Defendant filed a Penal Code section 1538.5 motion seeking to suppress all evidence obtained from his home, car, storage shed, and person. After hearing argument on the motion, the magistrate took the matter under submission. At a separate hearing, the magistrate denied the motion without making any factual findings on the record. Defendant then filed a renewed motion to suppress and a motion to set aside the information pursuant to Penal Code section 995. The superior court denied the renewed motion to suppress. The court denied the Penal Code section 995 motion with respect to count 2, but granted it with respect to count 1.

In exchange for the dismissal of the other charges and the grant of formal probation, the defendant subsequently pleaded no contest to violating section 11360, subdivision (a)(3), with the admission that he was armed within the meaning of Penal Code section 12022, subdivision (a)(1), during the offense.

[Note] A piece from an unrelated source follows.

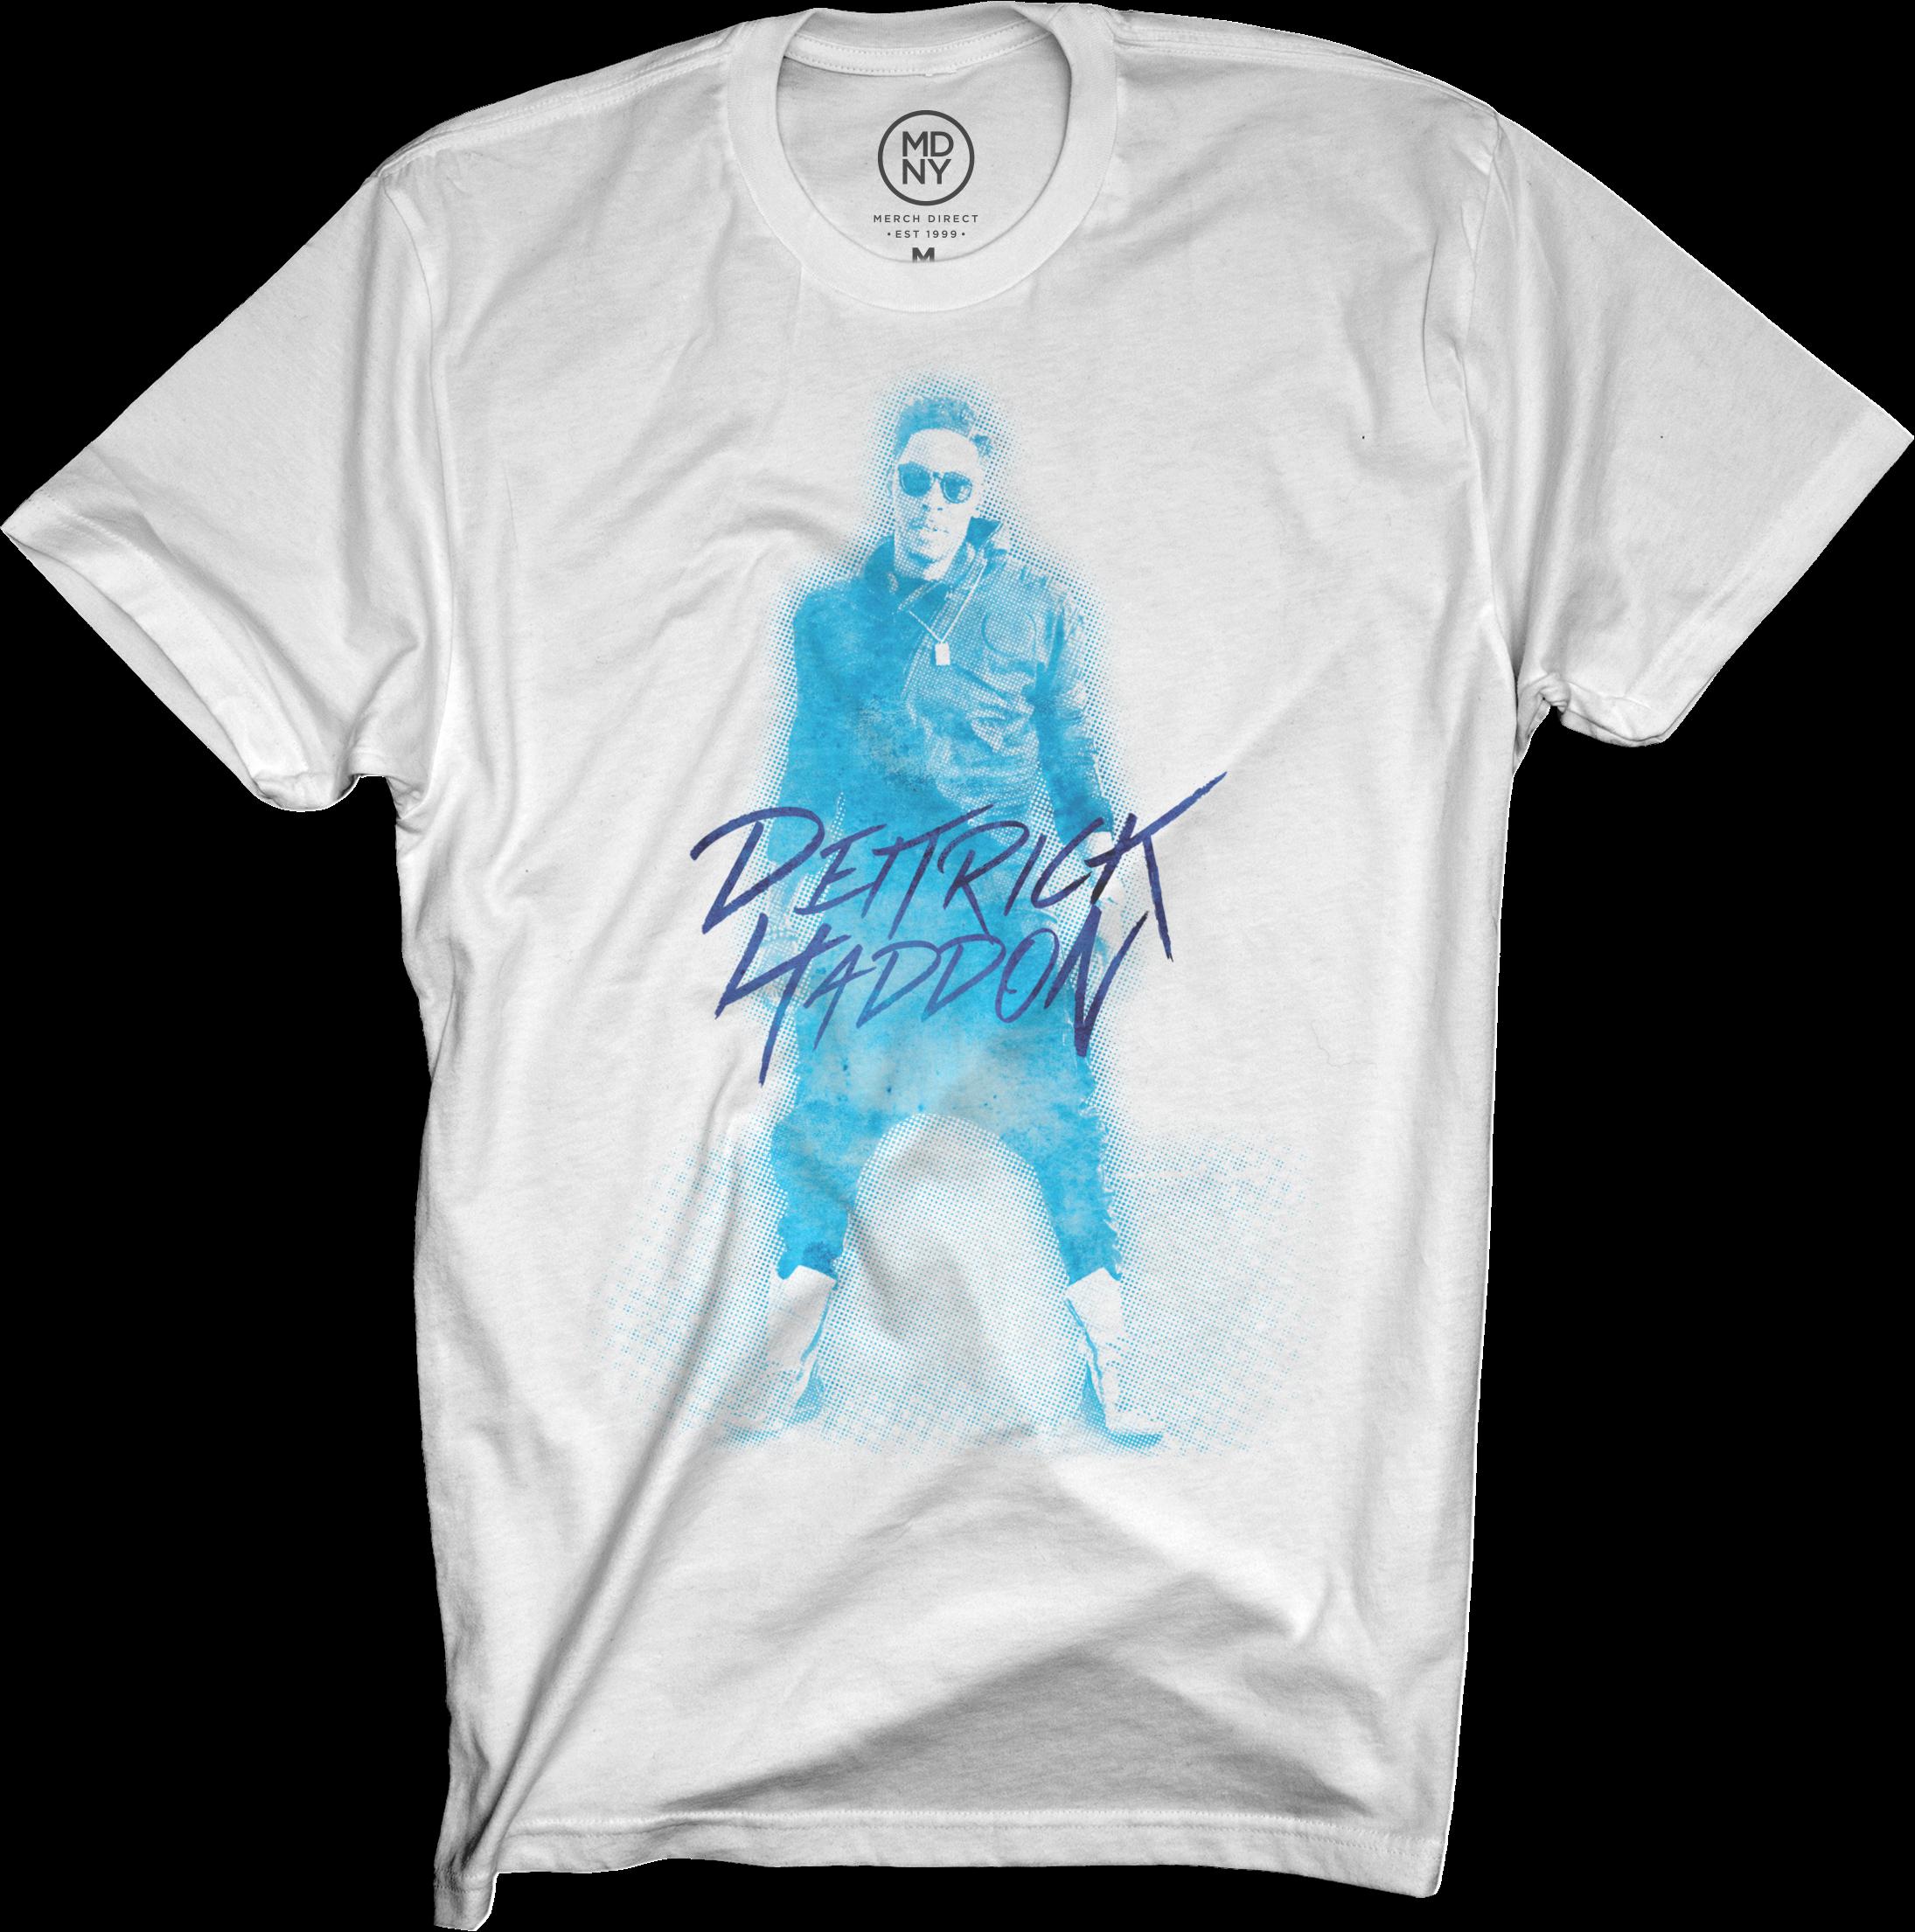 Dietrick Haddon - Blue Photo on White T-Shirt

A sentencing hearing was conducted on February 16, 2018. Before suspending imposition of sentence, the court granted defendant formal probation for a period of three years with various conditions, including that he serve six months in the county jail. The court also imposed various fines and fees. This timely appeal followed.

II. DISCUSSION

Defendant contends that the court erred in denying his suppression motion. He argues that the initial entry into his home was unconstitutional because his consent to search was invalid, having been obtained while he was unlawfully detained, and the exigent circumstances exception to the warrant requirement did not apply. While the evidence at issue was seized during the execution of subsequently obtained search warrants, he contends that those search warrants were invalid because they were based on evidence acquired during the initial illegal search. Finally, defendant maintains that the "good faith" exception to the exclusionary rule announced in Leon does not apply under the present circumstances. The Attorney General responds that defendant was never detained and even if he was, that detention was supported by reasonable suspicion. Alternatively, the Attorney General argues that the initial warrantless entry was reasonable under the exigent circumstances exception to the warrant requirement to prevent destruction of evidence. We conclude that exigent circumstances justified the initial warrantless entry. Accordingly, we do not address whether defendant was detained, whether officers had reasonable suspicion to carry out a theoretical detention, or whether the evidence should have been excluded based on a Fourth Amendment violation.

A. Standard of Review

When a renewed motion to suppress is submitted to the superior court on the preliminary hearing transcript, " 'the appellate court disregards the findings of the superior court and reviews the determination of the magistrate who ruled on the motion to suppress, drawing all presumptions in favor of the factual determinations of the magistrate, upholding the magistrate's express or implied findings if they are supported by substantial evidence, and measuring the facts as found by the trier against the constitutional standard of reasonableness.' " (People v. Hua (2008) 158 Cal.App.4th 1027, 1033 (Hua).) "If factual findings are unclear, the appellate court must infer 'a finding of fact favorable to the prevailing party on each ground or theory underlying the motion.'" (People v. Middleton (2005) 131 Cal.App.4th 732, 738; see also People v. Munoz (2008) 167 Cal.App.4th 126, 132-133.) In exercising our independent judgment as to whether the search or seizure complied with the Fourth Amendment under those facts, "[w]e affirm the trial court's ruling if correct under any legal theory." (Hua, supra, at p. 1033; People v. Lenart (2004) 32 Cal.4th 1107, 1119; People v. Zapien (1993) 4 Cal.4th 929, 976.)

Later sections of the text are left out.